The answer consists solely of the lines running from the one with "541d3915d6df7 Details about" through the final line below, transcribed exactly and without any pictures.

___ Material provided

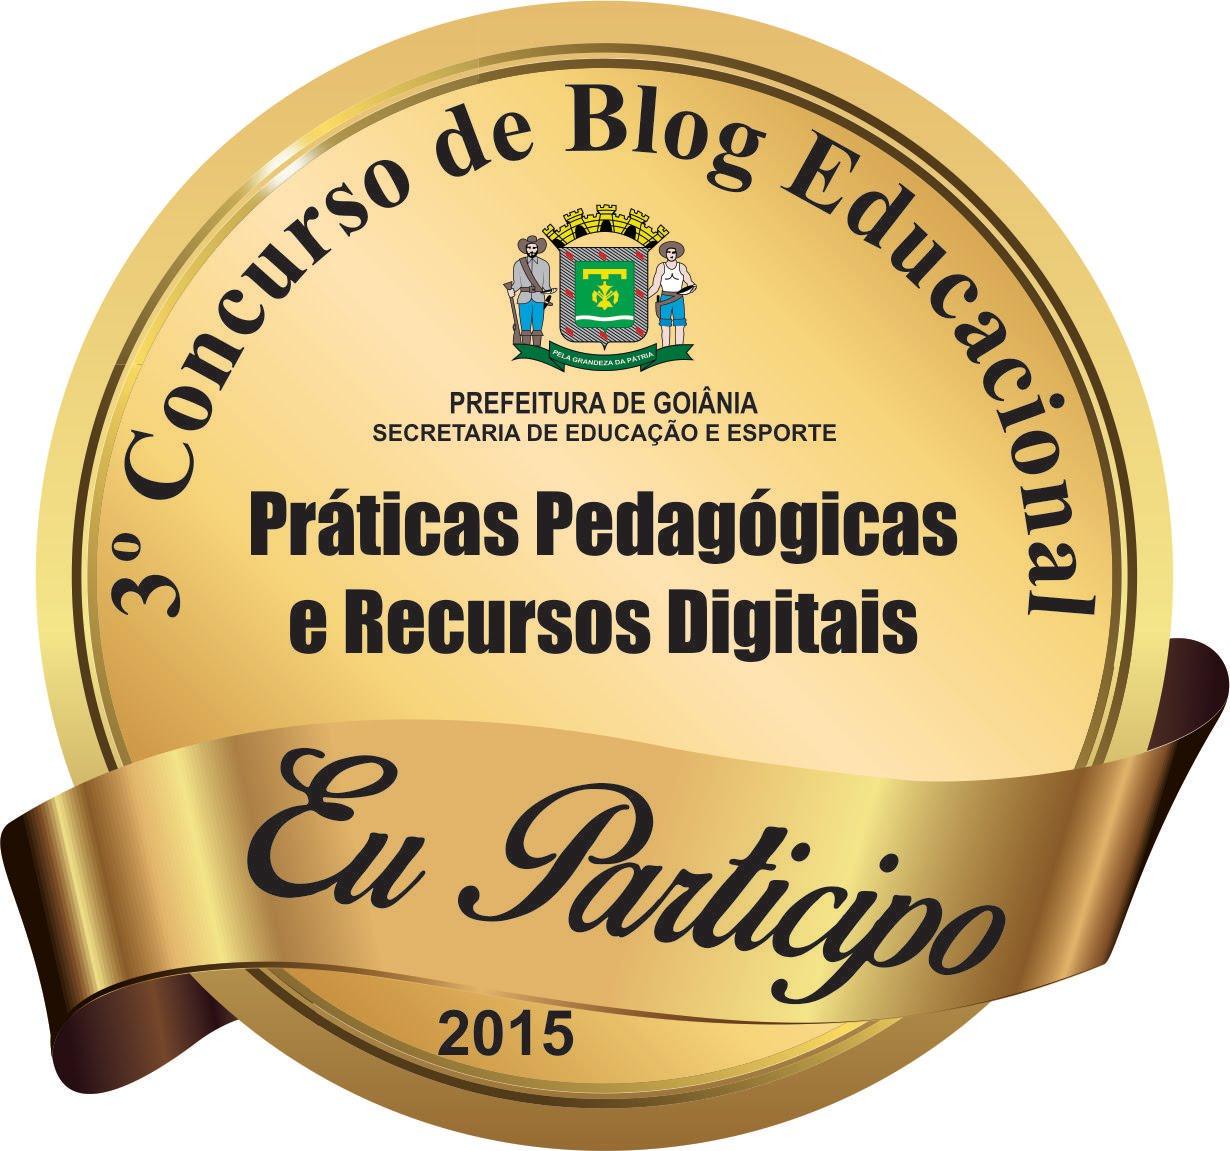 3º Concurso de Blog Educacional
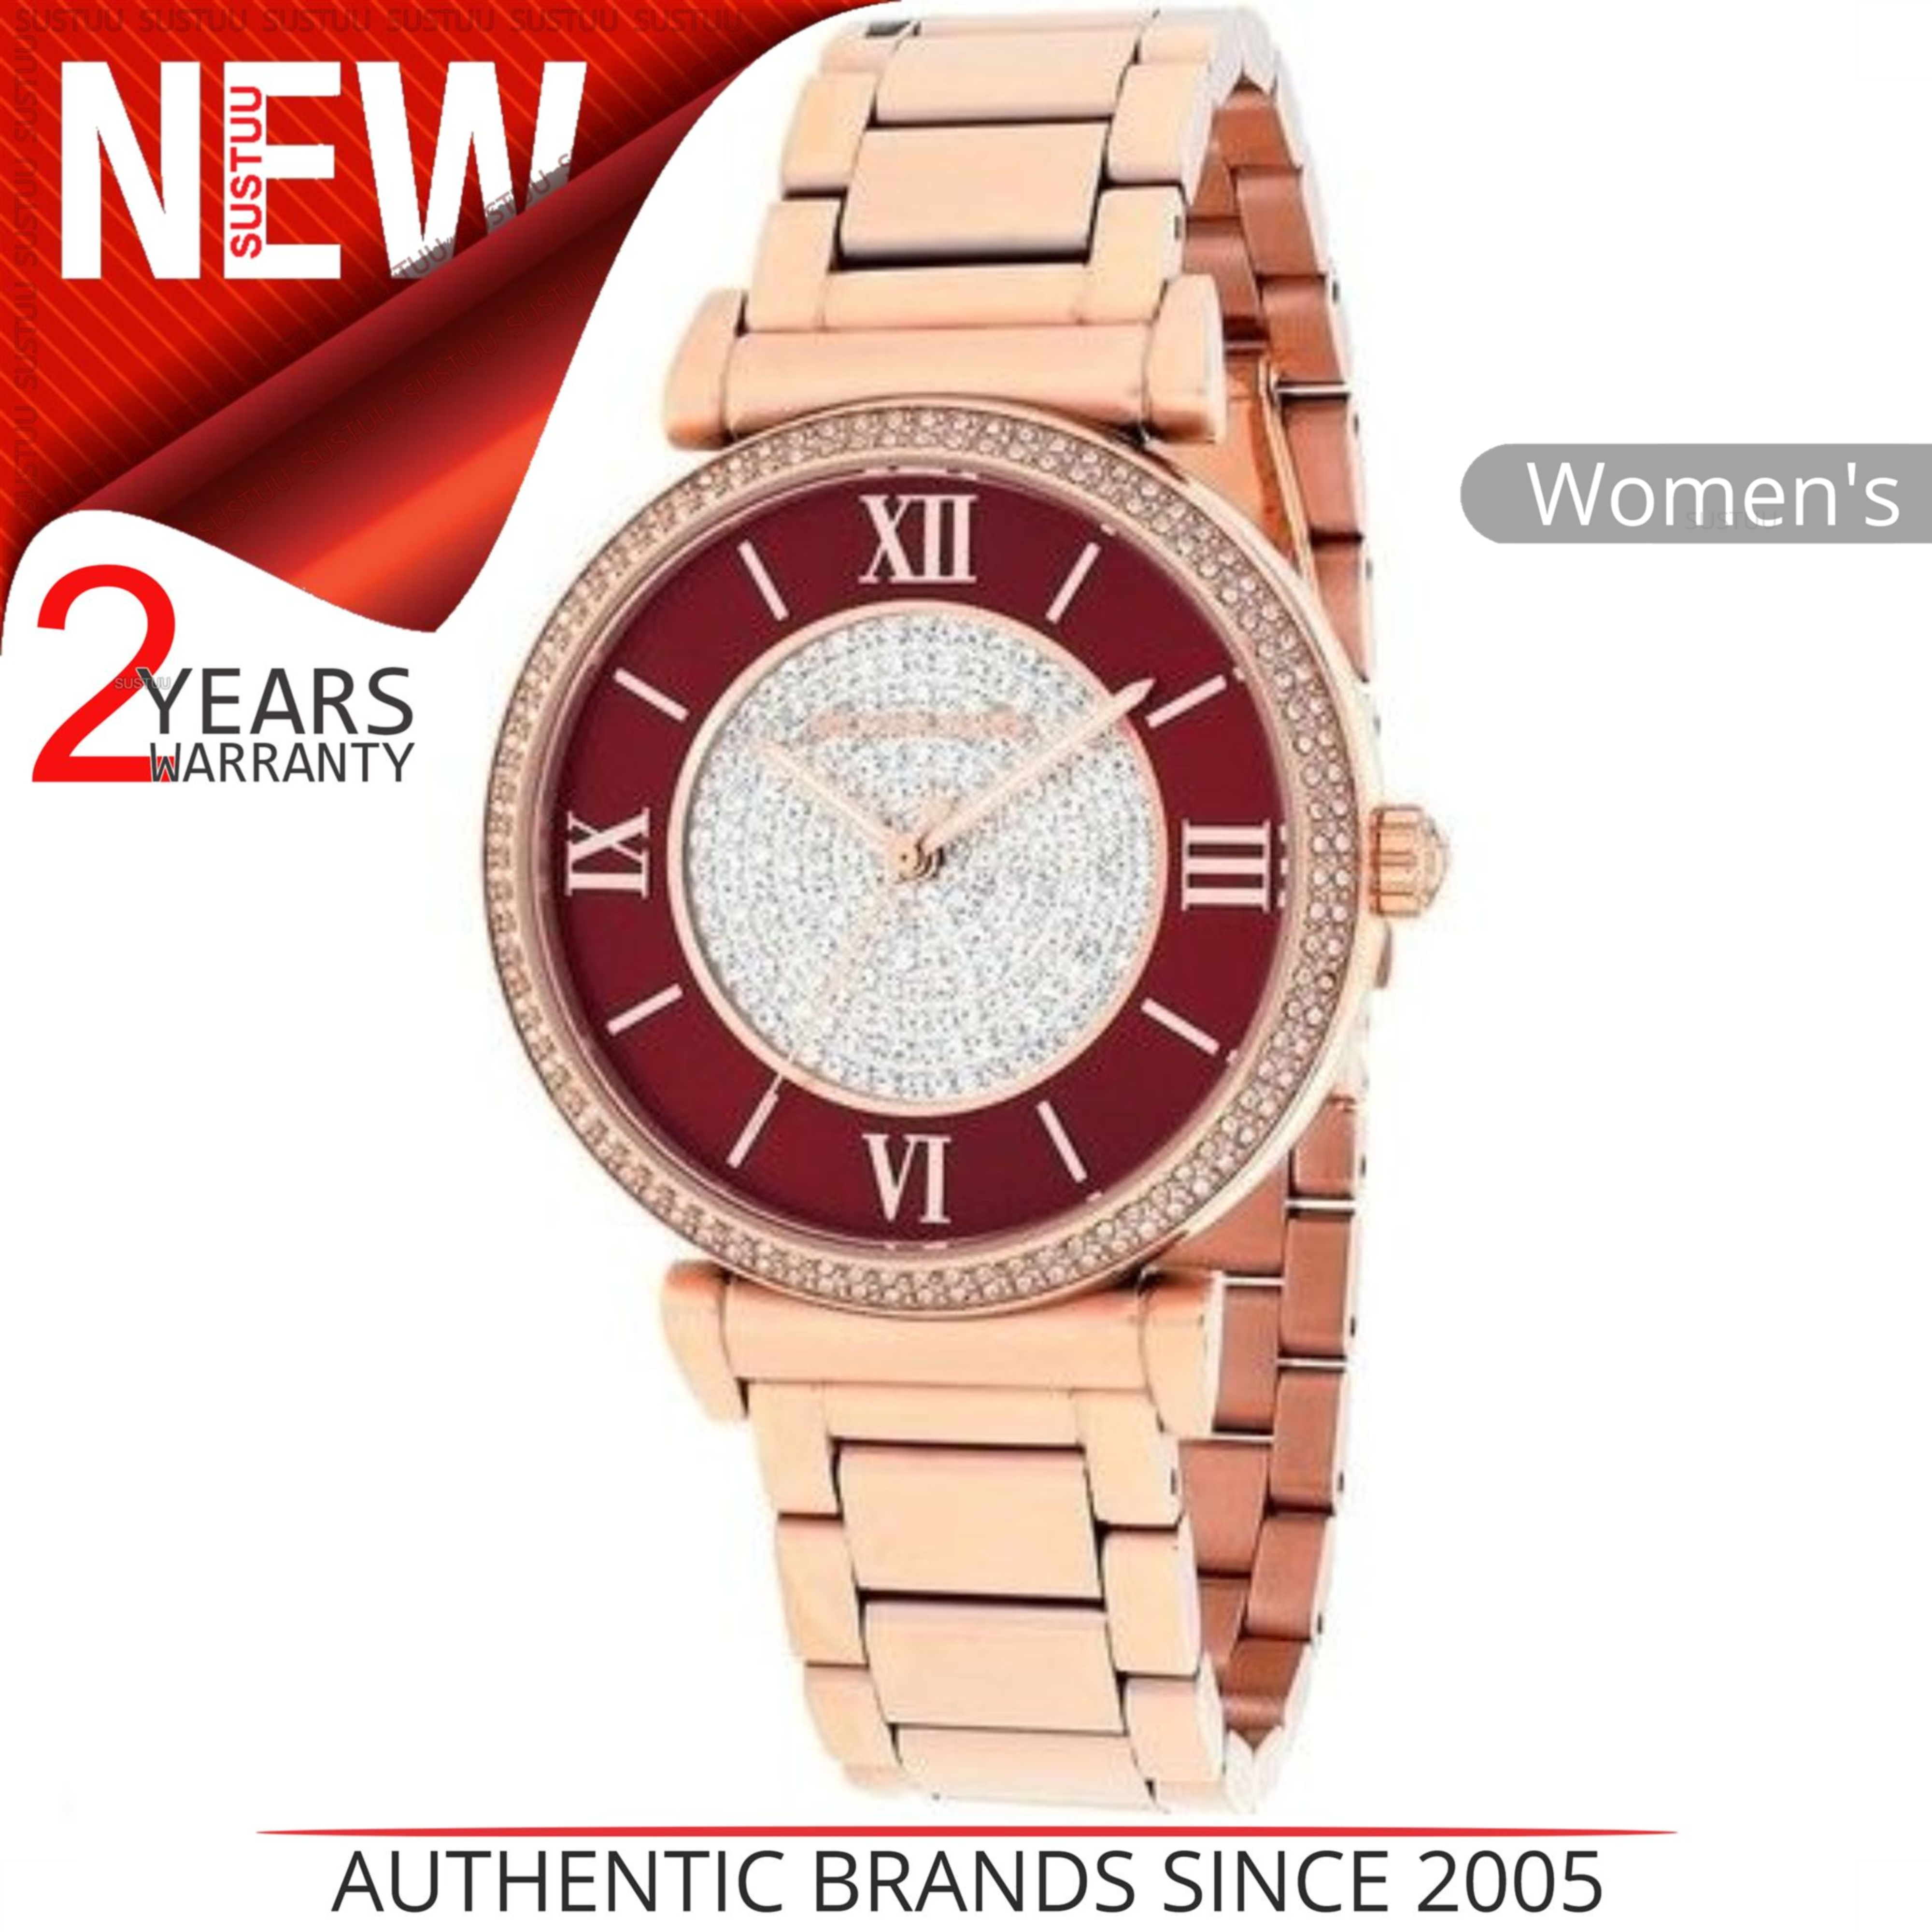 541d3915d6df7 Details about Michael Kors Caitlin Women Watch MK3377│Red Crystal Dial│Rose  Gold Bracelet Band
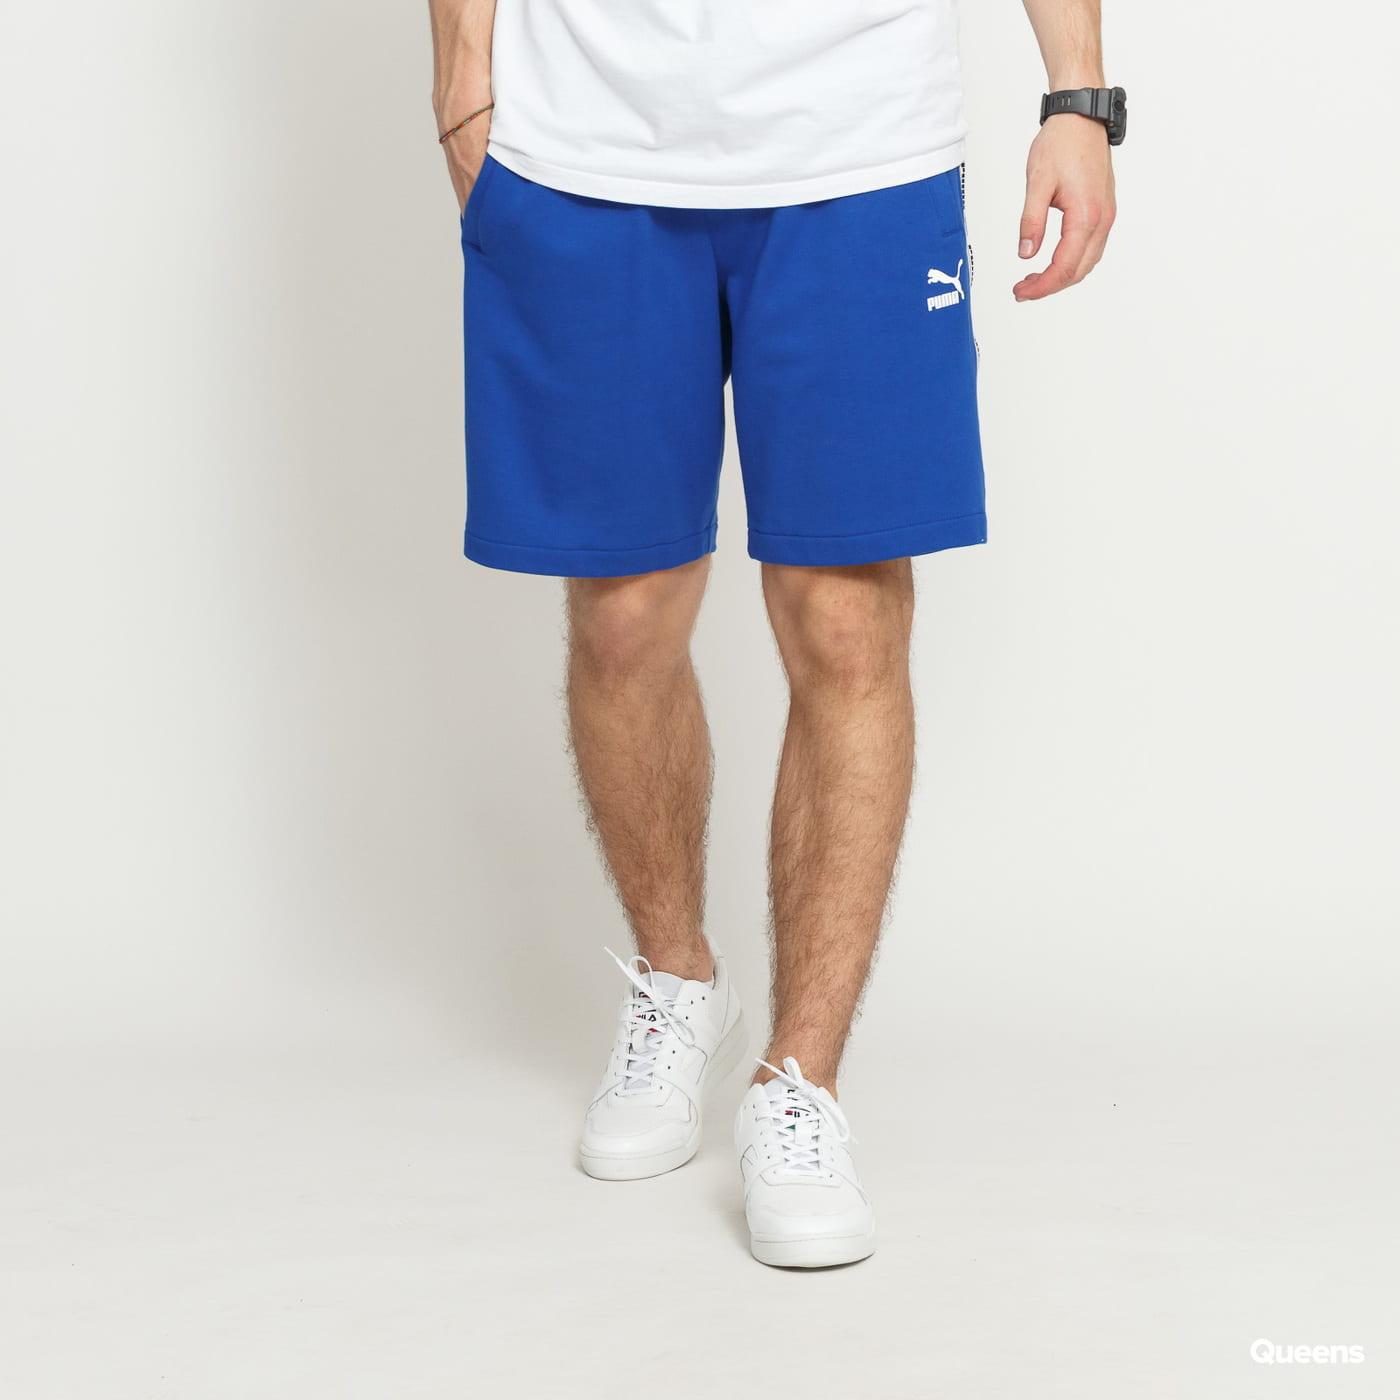 ce3b79f3539 Sweat Shorts Puma Puma XTG Shorts 8' blue (577994 29) – Queens 💚

______

Solution to the exercise »
 541d3915d6df7 Details about Michael Kors Caitlin Women Watch MK3377│Red Crystal Dial│Rose  Gold Bracelet Band
 ce3b79f3539 Sweat Shorts Puma Puma XTG Shorts 8' blue (577994 29) – Queens 💚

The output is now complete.